Study on the Printability through Digital Light Processing Technique of Ionic Liquids for CO₂ Capture

Round 1

Reviewer 1 Report

The authors presented 3D printable materials based on the introduction of different commercially available Ionic Liquids (ILs) in the starting formulations. They evaluated the influence of these additives on the printability of such formulations through light-induced 3D printing (Digital Light Processing), investigating as well the effect of Ionic Liquids with polymerizable groups. The physical chemical properties of the materials were compared. The review comments for this paper are in the following

Please avoid using abbreviations in the TITLE, HIGHLIGHTS, and Keywords if possible such as DLP, etc.  

Line 30, "different technologies are available for CO2 capture and storage (CCS), such as pre-combustion, post-combustion and oxyfuel capture" -- The methods of pre-combustion, post-combustion and oxyfuel capture are only for CO2 capture not for CO2 storage. "The most of these technologies employ liquids" -- Absorption is mainly for the post-combustion method.

Please add the comparisons between ionic liquids with other CO2 solvents.

Regarding the 3D printing, what are the developments in the polymeric materials?

Line 80, please delete "The introduction should briefly place the study...the document for further details on references."

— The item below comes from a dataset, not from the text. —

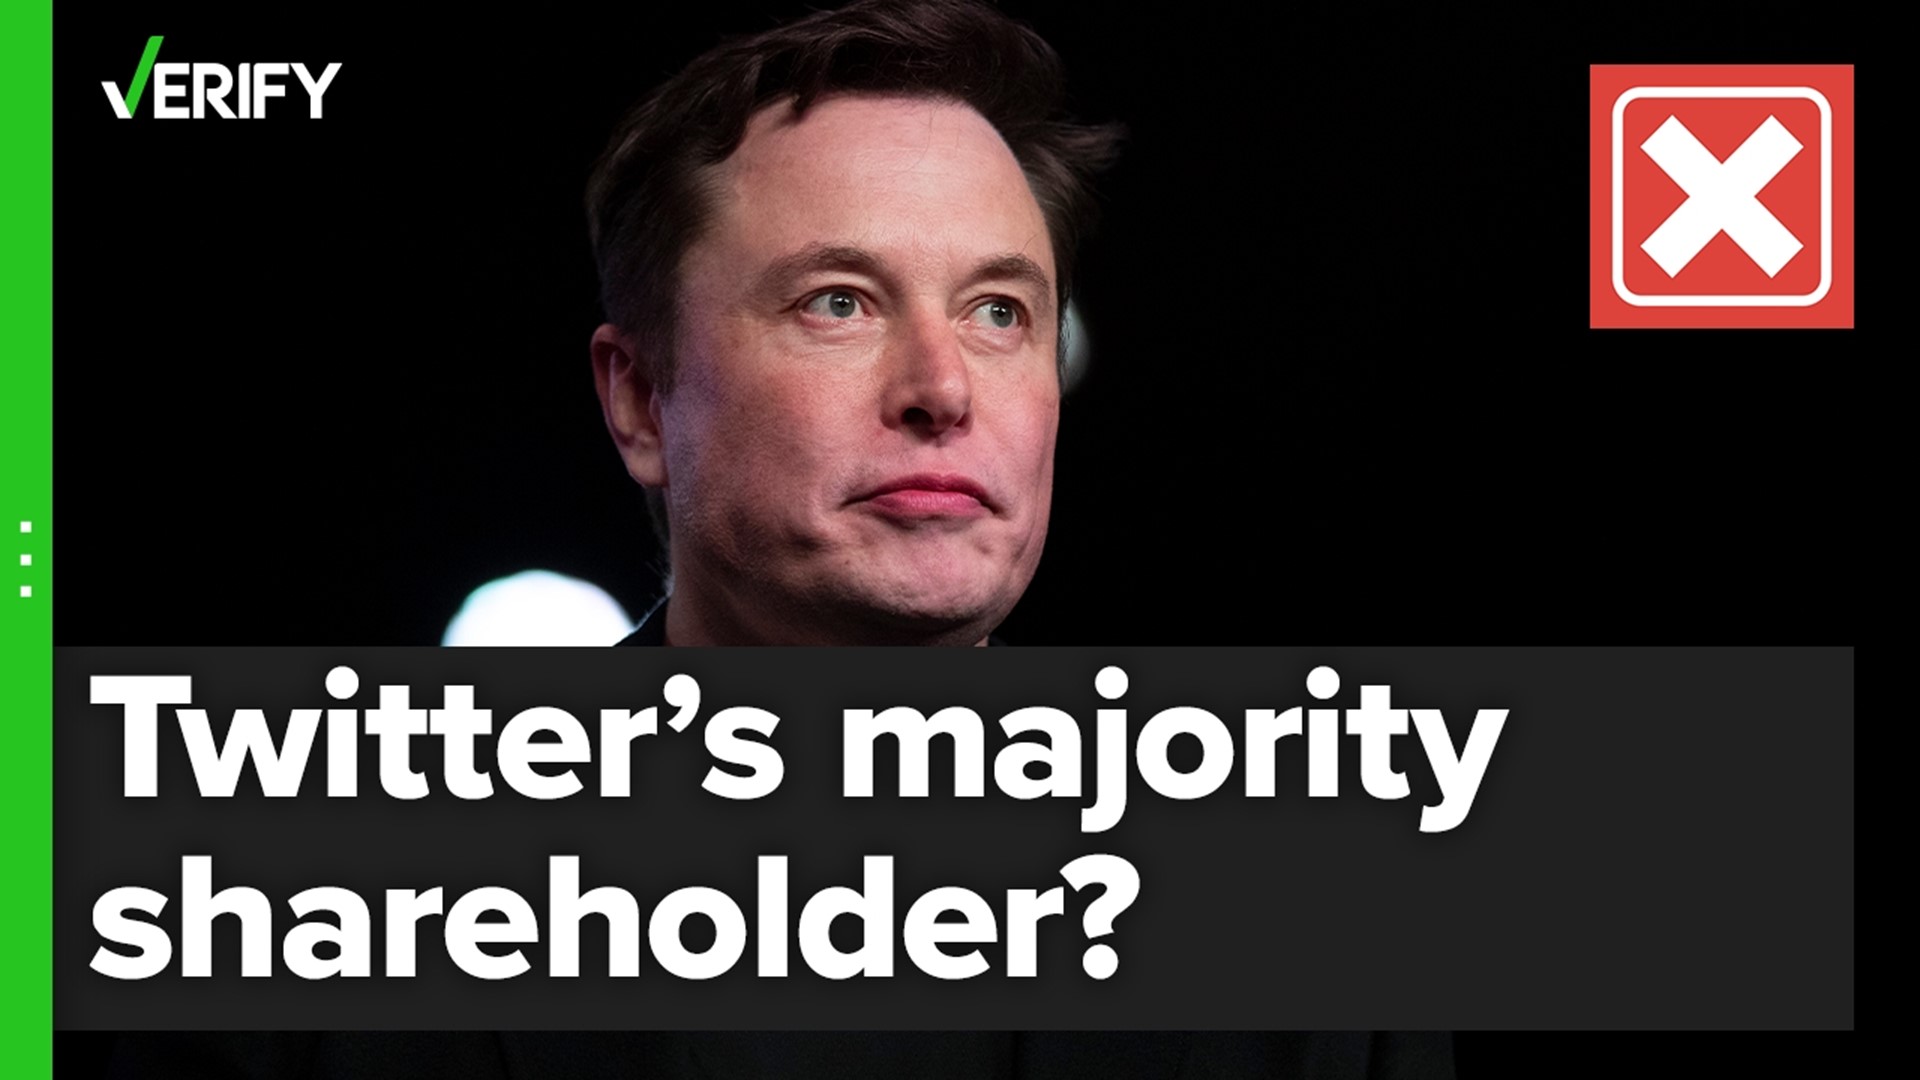 Is Elon Musk Twitter's majority shareholder? The VERIFY team confirms this is false.

In Section 2.1, please provide the detailed information of the materials and chemicals. 

In Table 1, please improve the chemical structure of C4NMA,11[Tf2N].

Line 110, space "intensity" and "10". 

Please use the same format of "mWcm−2" and "mW/cm2".

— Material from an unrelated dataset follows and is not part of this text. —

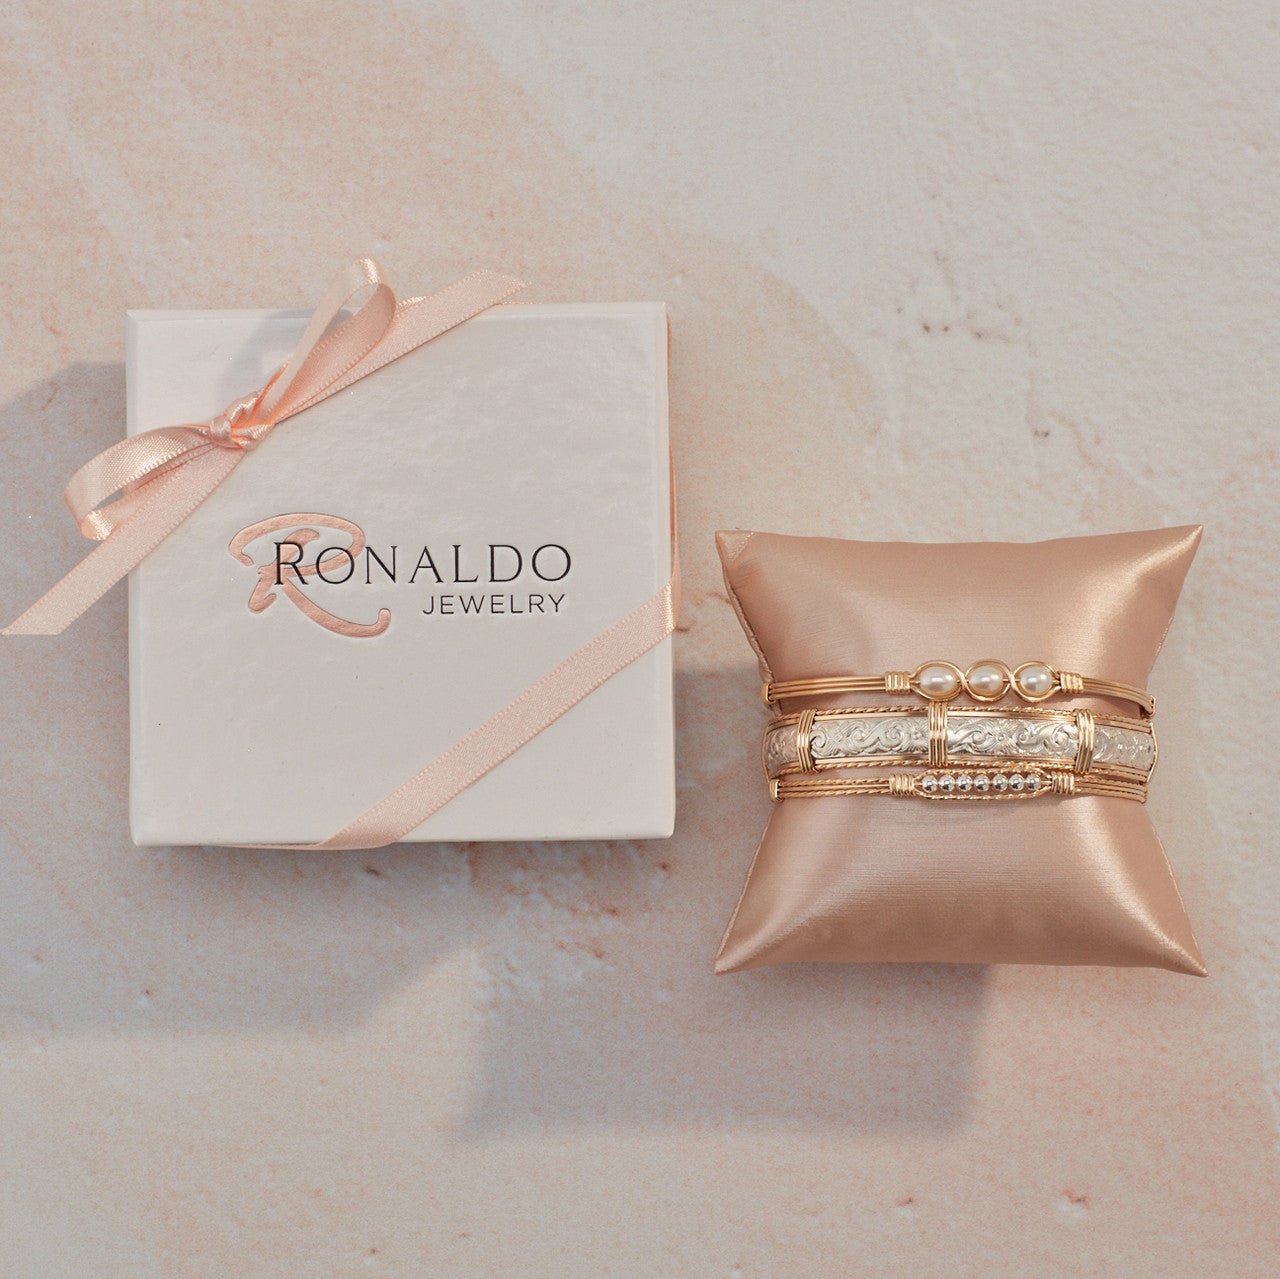 Ronaldo Designer Jewelry Inc

Line 136, change "were" to "was".

Please extend the title of Figure 1. More detailed analysis of the results for various ILs should be added.

In Figure 2, why did you choose the cubical structure?

In Eq. (1), please give the units of these parameters. 

Line 198, change "Where" to "where".

In Table 3, change "%wt" to "wt%".

How could you calculate the diffusivity, solubility and permeability? In Figure S5, there is no units of these parameters.

Please double check the subscripts of CO2 in the whole text.

In Figure 4, please describe the important peaks of the FTIR results.

In Figure 5, the authors presented the gyroids of different sizes printed with P_Bmim[BF4] formulation. What are the potential for the CO2 adsorption capacity? What are the main controlling factors of the structures?

The authors need to add the references to verify the findings in this work. Please check the references carefully. The conclusions need to be improved. 

What are the stability of the 3D materials for CO2 sorption?

Author Response

On behalf of all the authors, I would like to thank the reviewers for their precious comments. WE have modified the manuscript according to their suggestions. Here we enclose a point by point reply to their doubts, highlighting our response in yellow.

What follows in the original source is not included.